To date, the best predictor of future disease is family history, and that's because if a disease follows Mendelian patterns of inheritance or risk levels are correlated among close family members, and thus you know that risk genotypes are common in your family, you can infer that you are at higher risk without knowing specifically which one or ten or hundreds of genomic variants are responsible.   That is, we don't need GWAS for these diseases.

For the clearer, single-gene caused diseases, we already have an informed medical system, with professional genetic counselors and physicians, that has sorted these out long ago and has long been set up to use various kinds of data to provide very important and useful advice.  Which is not to say that the system is infallible for people with such diseases at all.  Yes, if the cause of the disease or disorder hasn't yet been identified, WGS or WES may be helpful for doing so, though certainly not always, and as it's the very rare Mendelian disorders that remain unexplained, the search can be complex -- the causal variant may be due to somatic mutation, or the cause may be multiple interacting genes, or in a regulatory region, not protein coding.
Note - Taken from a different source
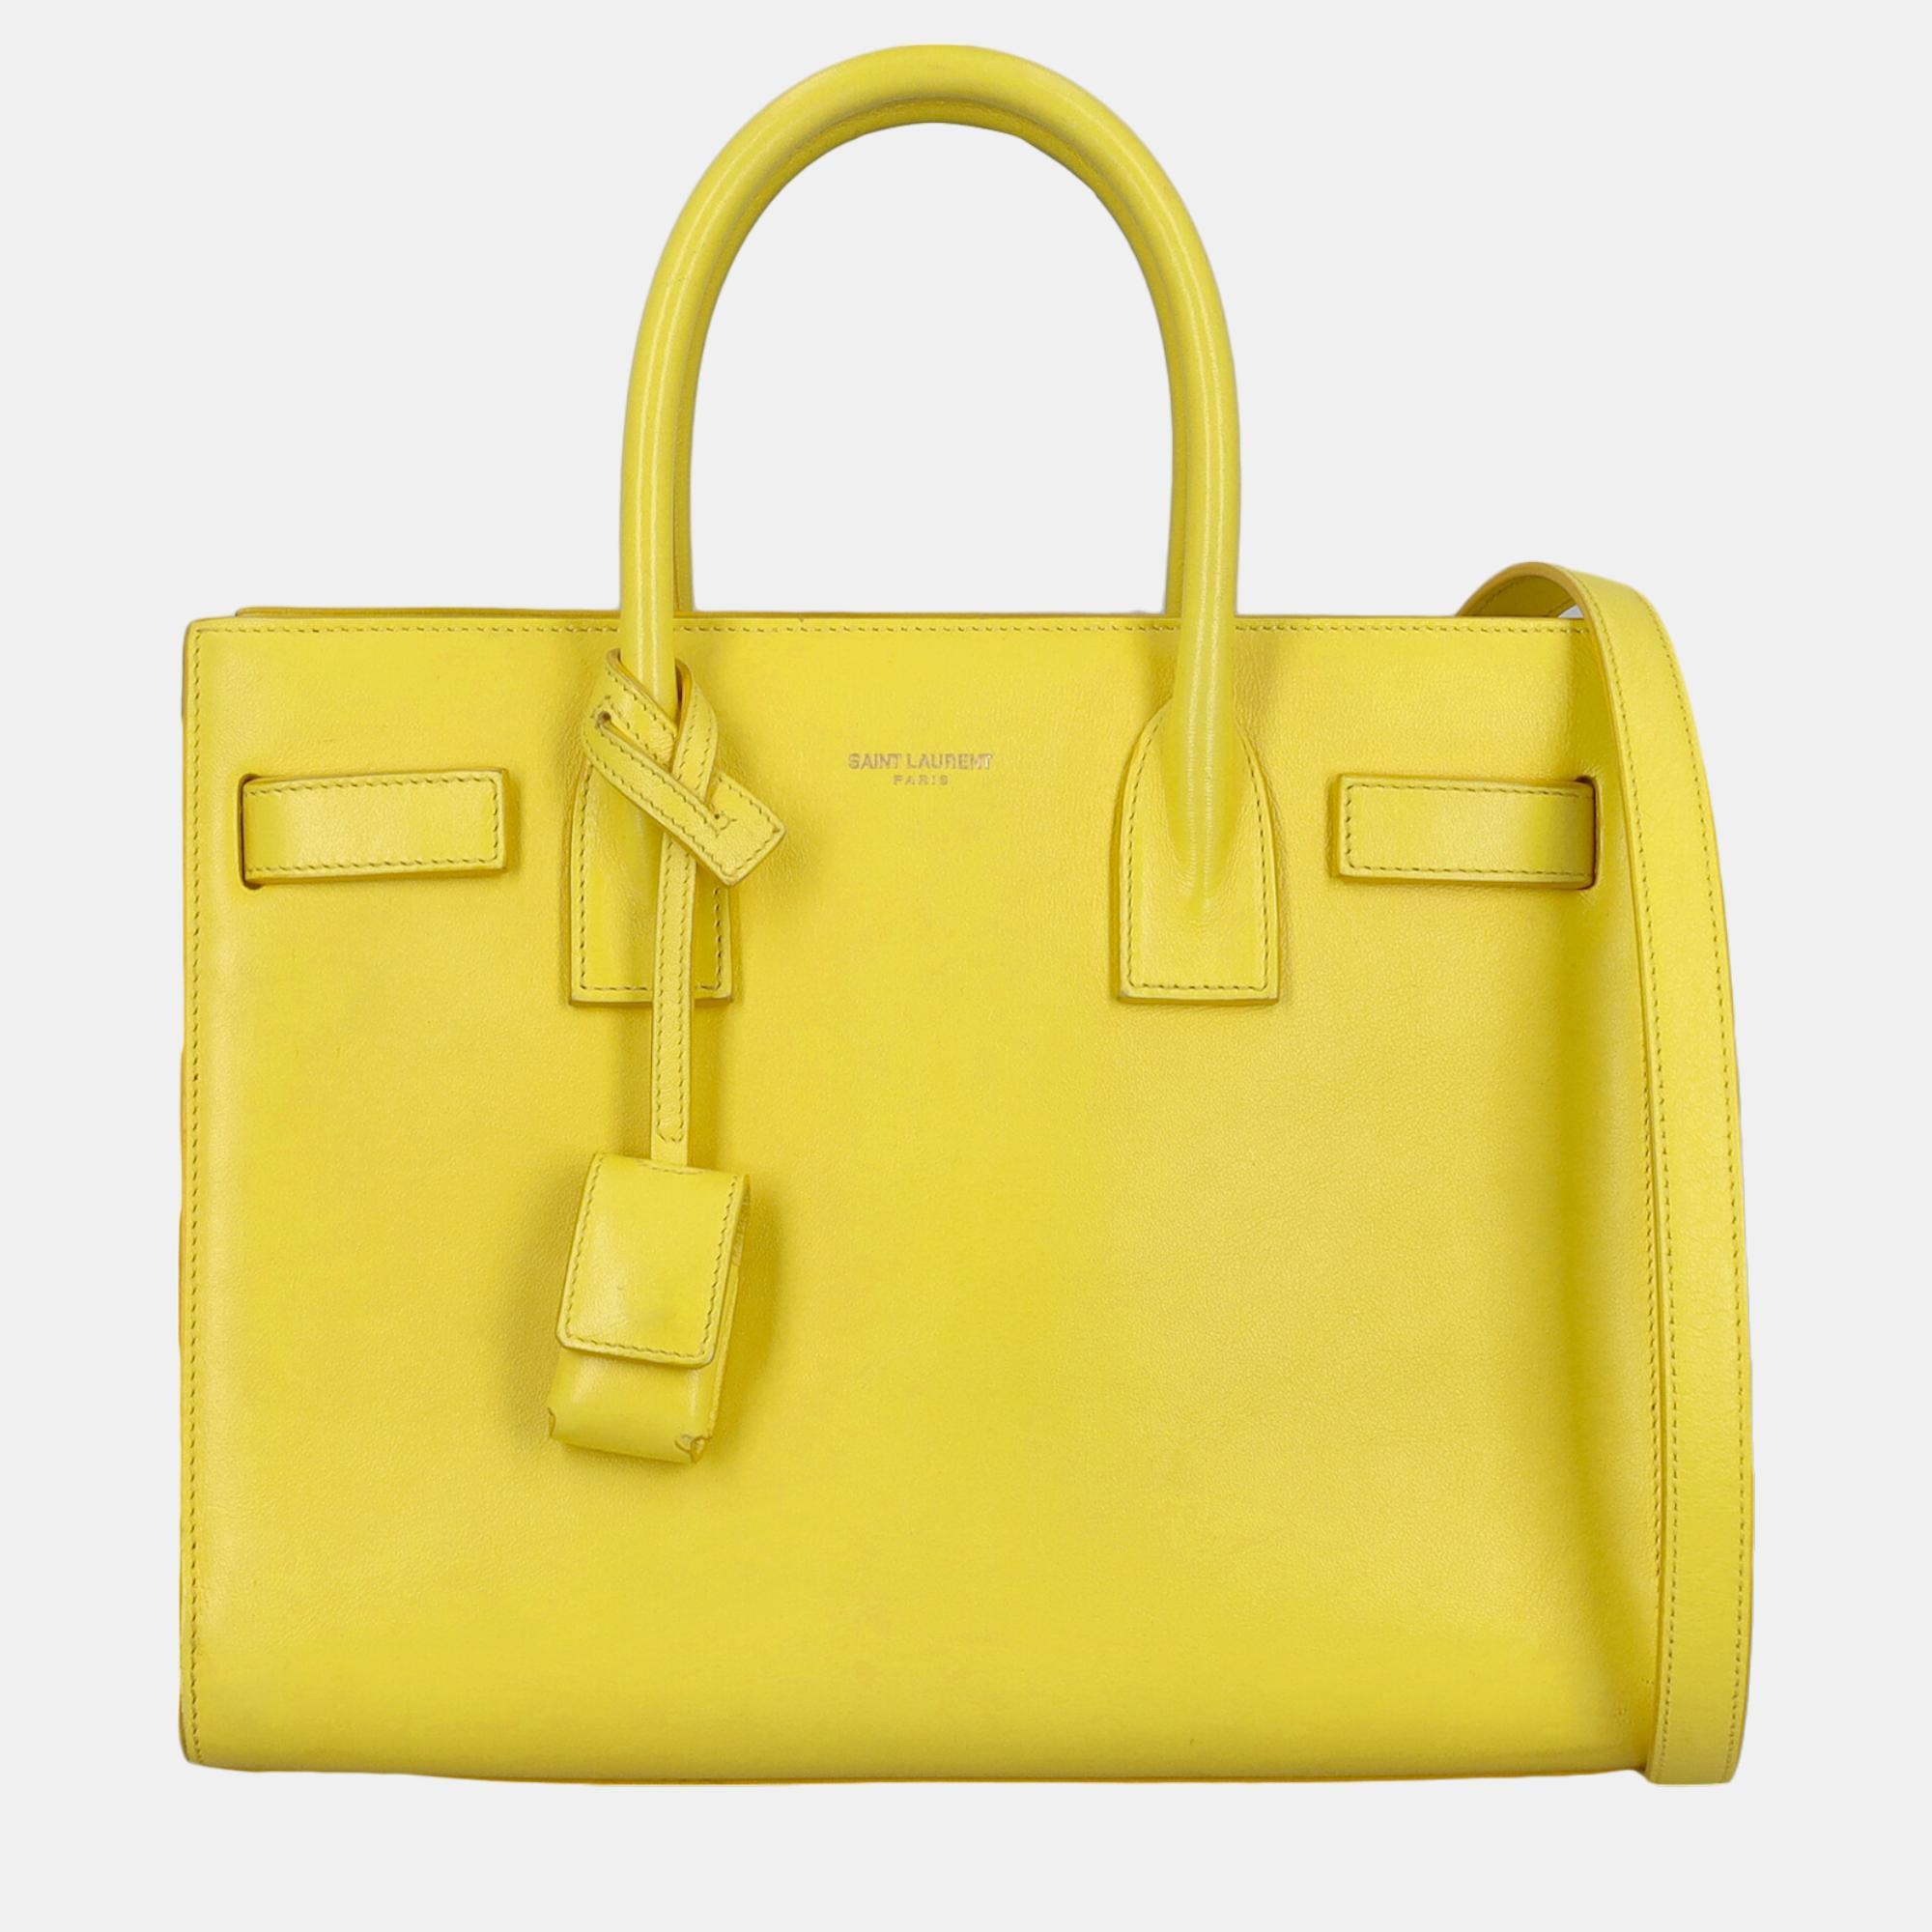 Saint Laurent Sac De Jour -  Women's Leather Tote Bag - Yellow - One Size
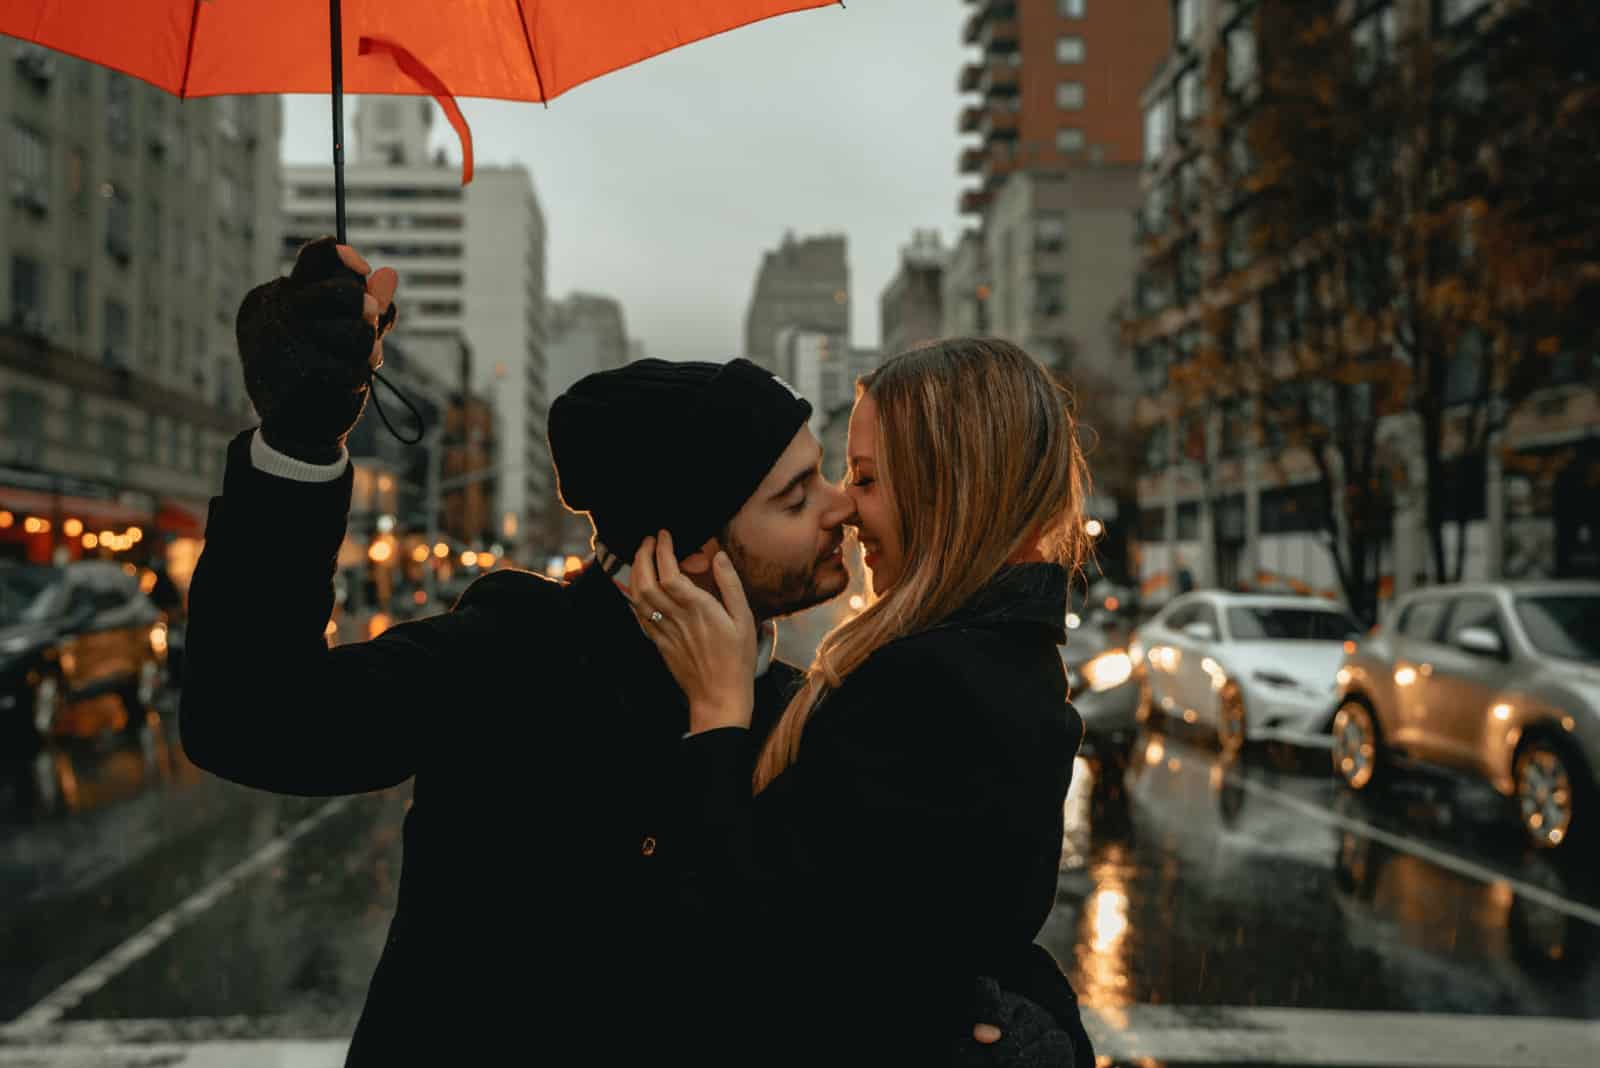 homme tenant un parapluie tout en embrassant une femme

In fact, it may not be widely understood that GWAS works because of inheritance and is essentially itself a kind of family data -- but one with unknown, very deep family connections.  It has some advantages in that respect, because if cases are only distantly related, they may only share narrow chromosome regions (at the causal genes), whereas close relatives share huge fractions of their genomes.  By contrast, if the disease is genetically caused, unaffected controls will be less closely related to each other than are the cases.

In this sense, GWAS removes the close-relationship 'noise' of shared variation. The problem is that when traits are caused by many different genes, family members may have simpler sets of causal genes than random sets of cases and controls.  So there are statistical issues at play here.  Nonetheless, for the important, common complex diseases, family data are generally more informative than GWAS kinds of data.  [There are other issues too much to go into here, such as the guesspothesis that common diseases are caused by very rare genetic variants that might be found in genome sequence data in families.]

So, as we see it, GWAS -- or any other way to identify genetic causation -- won't be very useful for predicting common complex diseases in individuals, or at least only rarely.  Again, environment is the often intractable but most important wild-card. So, why are currently healthy people interested in having their genomes typed or sequenced? If you've done it, we'd love to know.